For intensive care doctor Sarah McMullen, the Omicron wave of COVID-19 seems like a twisting, turning carnival ride, leaving her wondering when she’ll get to step off.

“Right now, what it feels like is similar to when you go to the exhibition and you get on the Scrambler: it feels like continuous, unrelenting pressures from all directions,” the physician at Halifax’s Queen Elizabeth II Health Sciences Centre said in an interview Wednesday.

The stress on the health system from the Omicron variant of the novel coronavirus is radically different compared with the other four waves since March 2020, McMullen said.

For one thing, there are only a handful of COVID-19 patients in her unit — the largest intensive care centre in Atlantic Canada. Earlier waves saw pandemic patients take up many of the beds, she said.

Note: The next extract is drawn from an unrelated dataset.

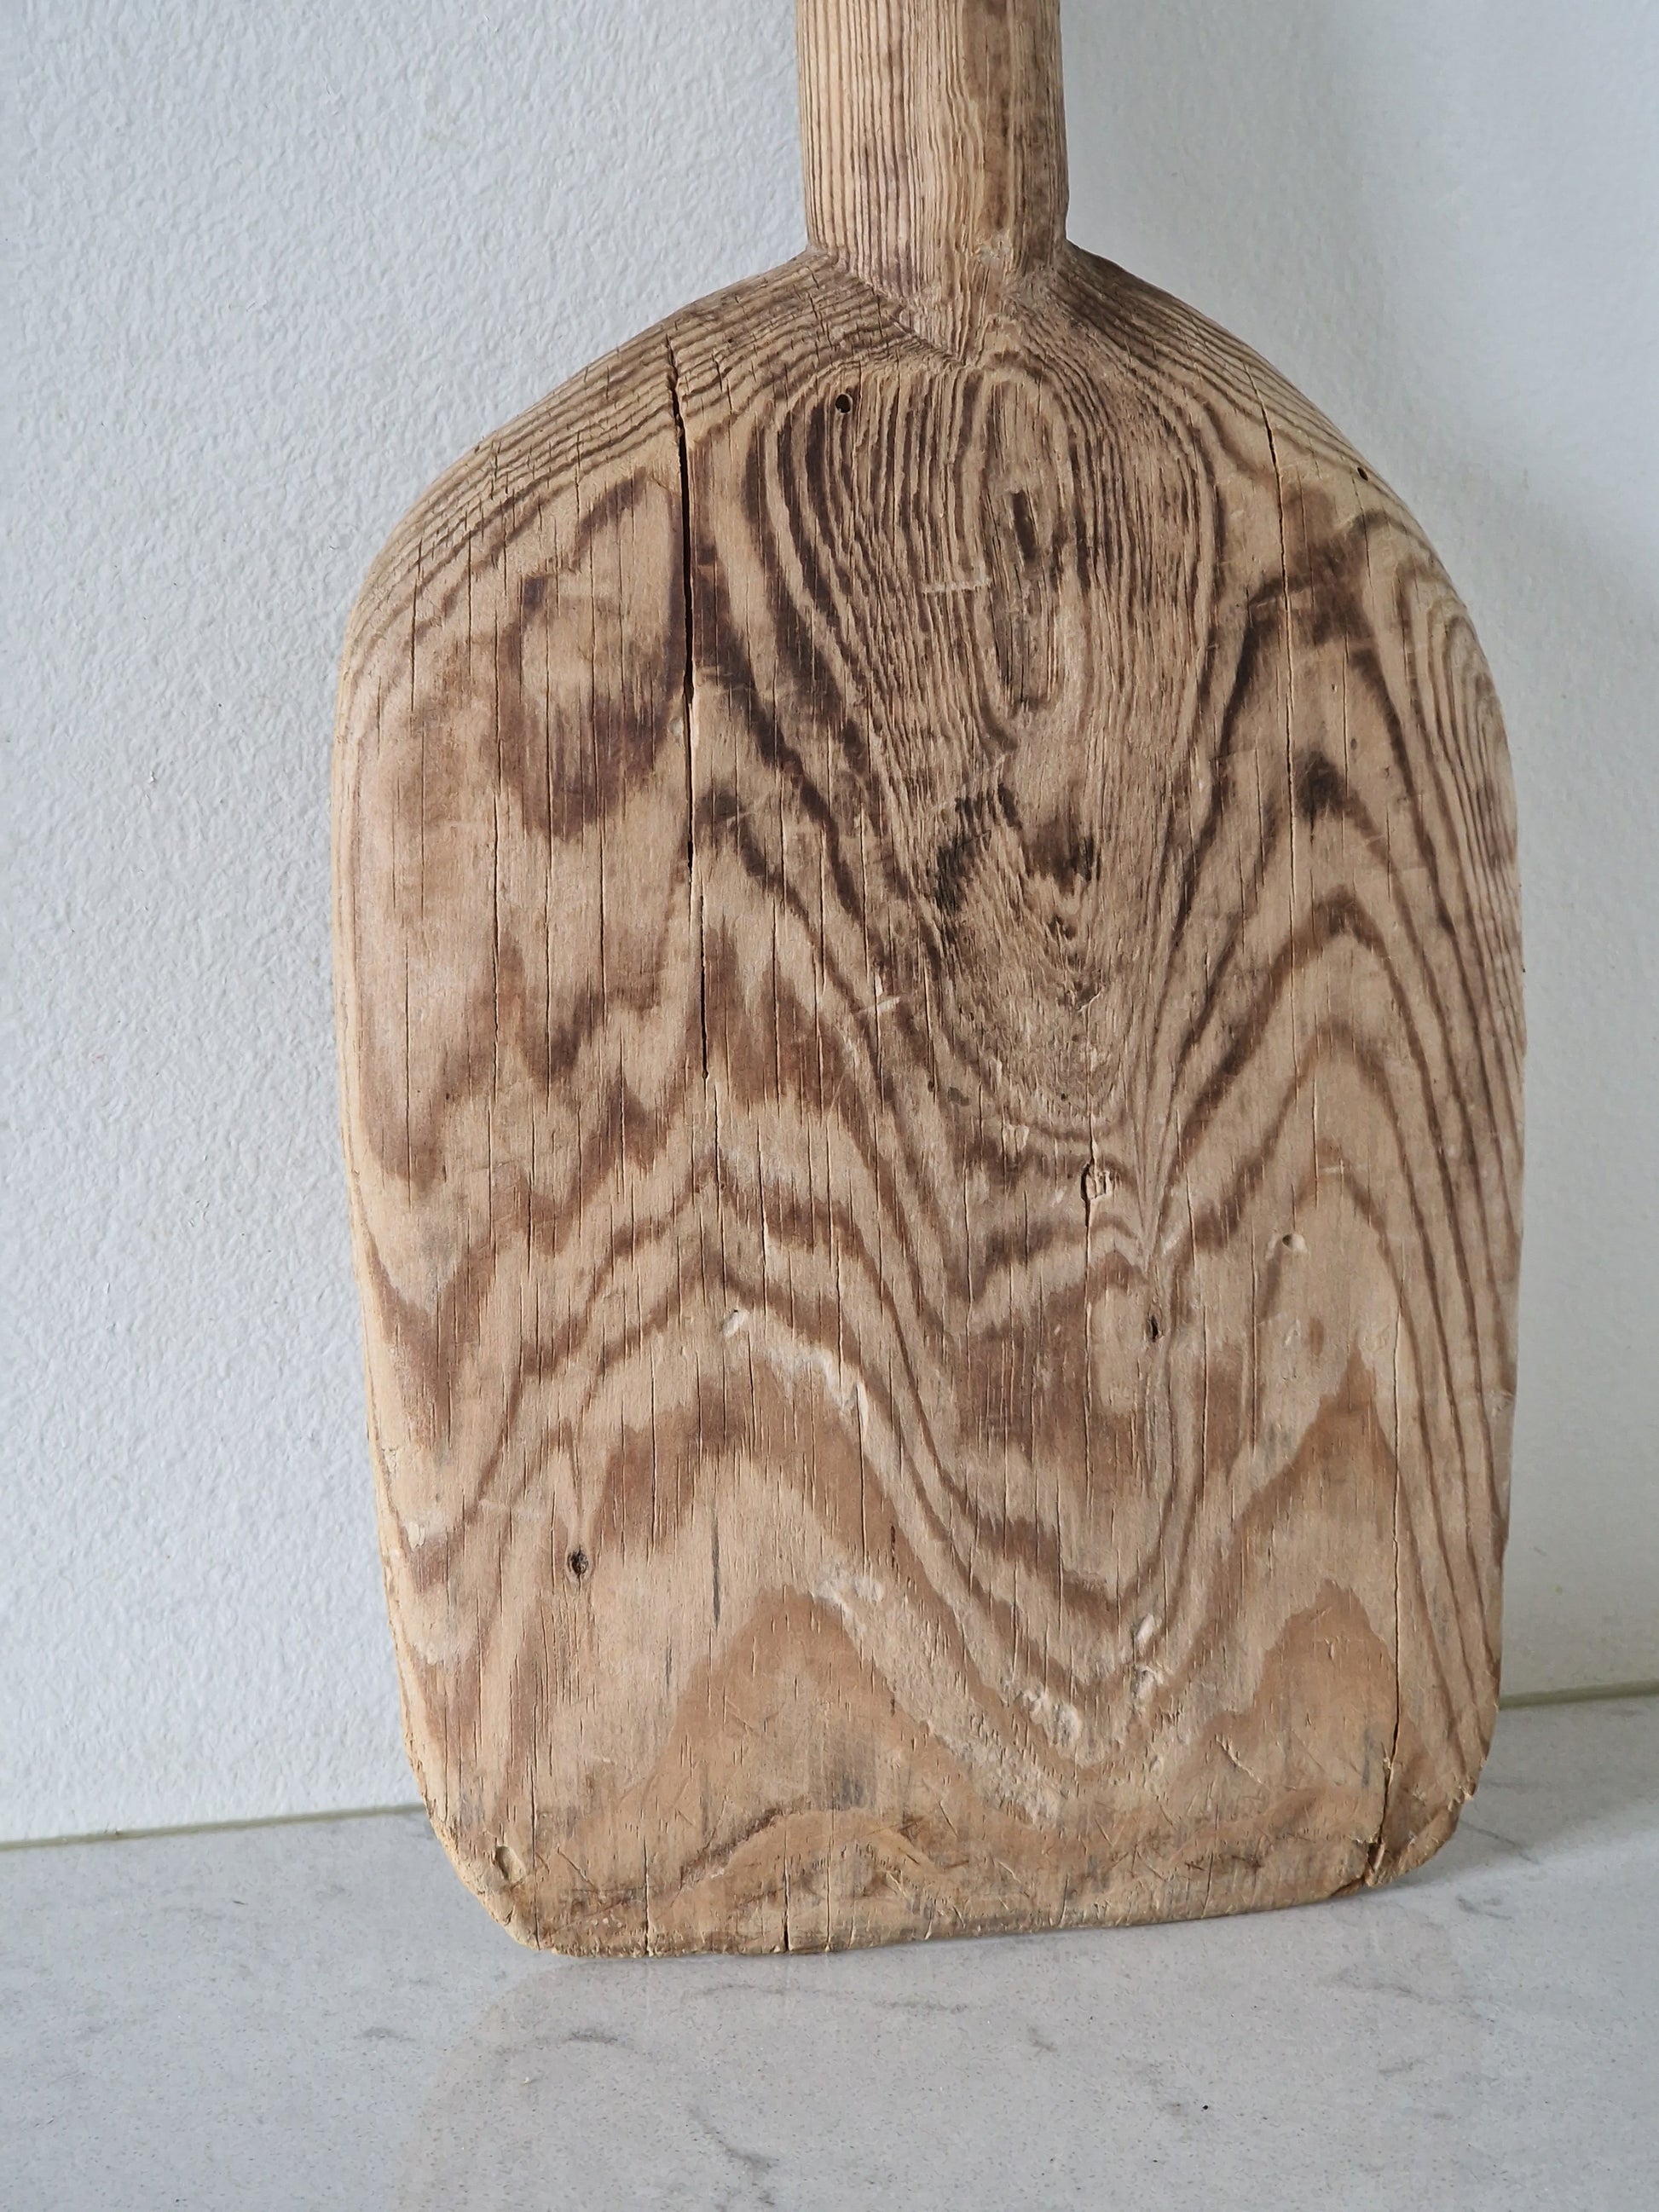 Vanha puinen leipälapio/tarjoilulauta
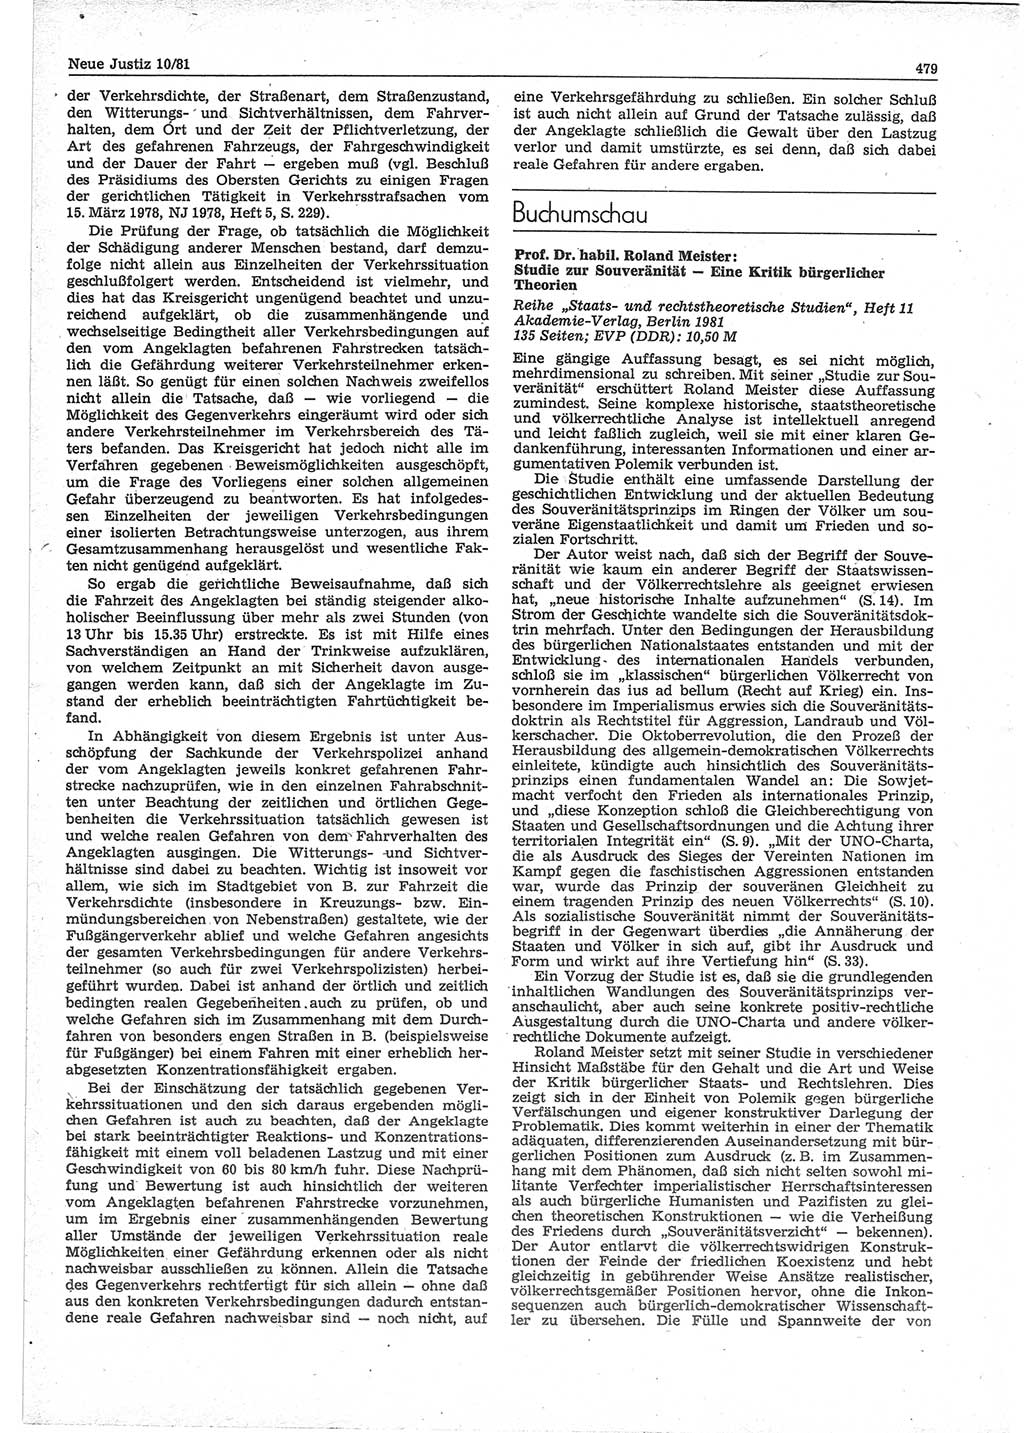 Neue Justiz (NJ), Zeitschrift für sozialistisches Recht und Gesetzlichkeit [Deutsche Demokratische Republik (DDR)], 35. Jahrgang 1981, Seite 479 (NJ DDR 1981, S. 479)

But despite causing fewer hospitalizations, the Omicron wave is combined with shortages of staff off sick with COVID-19 or isolating after being exposed to the virus — and a high flow of other gravely ill patients to her ward.

The 46-year-old doctor estimated Wednesday that “two or three” of the 18 beds in her units were occupied with people who contracted the Omicron mutation of the virus. Across the province, there were seven intensive care patients with COVID-19, less than half the peak of May 18, 2021, when a pandemic high of 25 people were in intensive care with the virus.

In addition, McMullen said COVID-19 patients who are vaccinated often spend just days in the unit, rather than weeks in earlier waves.

According to figures from Nova Scotia Health, about 97 per cent of the 106 available intensive care beds in the province are occupied. The government says the health system has the capacity to add further beds — known as “surge” capacity — if an overflow occurs.